**WHAT IS EXPECTED**
From the records, pick out and copy each line containing "Black".

**DATA FOR REVIEW**
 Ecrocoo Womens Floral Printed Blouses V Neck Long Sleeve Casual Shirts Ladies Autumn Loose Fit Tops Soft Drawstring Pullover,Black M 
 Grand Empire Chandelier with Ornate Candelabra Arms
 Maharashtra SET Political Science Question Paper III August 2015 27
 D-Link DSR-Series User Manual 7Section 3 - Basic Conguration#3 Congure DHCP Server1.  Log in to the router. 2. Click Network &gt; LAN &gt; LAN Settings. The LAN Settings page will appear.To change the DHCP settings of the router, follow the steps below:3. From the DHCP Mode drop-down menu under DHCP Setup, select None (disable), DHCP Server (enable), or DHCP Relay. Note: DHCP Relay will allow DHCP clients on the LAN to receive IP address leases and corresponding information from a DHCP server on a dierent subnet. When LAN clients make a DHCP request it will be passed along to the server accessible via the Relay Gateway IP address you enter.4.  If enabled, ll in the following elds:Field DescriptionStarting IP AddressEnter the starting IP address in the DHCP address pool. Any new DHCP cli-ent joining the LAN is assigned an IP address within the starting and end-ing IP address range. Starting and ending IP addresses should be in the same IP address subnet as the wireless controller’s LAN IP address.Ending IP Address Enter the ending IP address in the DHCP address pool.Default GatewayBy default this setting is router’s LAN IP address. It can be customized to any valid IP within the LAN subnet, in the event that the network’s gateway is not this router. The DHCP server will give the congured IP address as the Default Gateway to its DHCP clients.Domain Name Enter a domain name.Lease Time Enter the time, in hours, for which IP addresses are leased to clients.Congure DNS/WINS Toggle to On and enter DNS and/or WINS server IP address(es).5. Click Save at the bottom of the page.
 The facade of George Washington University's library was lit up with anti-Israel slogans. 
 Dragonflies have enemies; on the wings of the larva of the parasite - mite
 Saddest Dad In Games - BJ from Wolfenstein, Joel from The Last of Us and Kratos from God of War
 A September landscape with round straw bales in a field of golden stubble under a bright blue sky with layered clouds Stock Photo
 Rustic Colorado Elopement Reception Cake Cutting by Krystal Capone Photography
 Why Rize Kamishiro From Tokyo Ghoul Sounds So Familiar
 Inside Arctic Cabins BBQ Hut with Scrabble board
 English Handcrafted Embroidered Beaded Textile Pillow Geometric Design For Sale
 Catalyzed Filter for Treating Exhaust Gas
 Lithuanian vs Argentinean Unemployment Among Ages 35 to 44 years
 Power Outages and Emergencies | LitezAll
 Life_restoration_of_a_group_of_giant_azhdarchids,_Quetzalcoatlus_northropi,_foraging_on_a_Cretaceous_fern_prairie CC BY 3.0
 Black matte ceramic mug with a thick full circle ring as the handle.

**COMPLETED EXERCISE**
 Ecrocoo Womens Floral Printed Blouses V Neck Long Sleeve Casual Shirts Ladies Autumn Loose Fit Tops Soft Drawstring Pullover,Black M 
 Black matte ceramic mug with a thick full circle ring as the handle.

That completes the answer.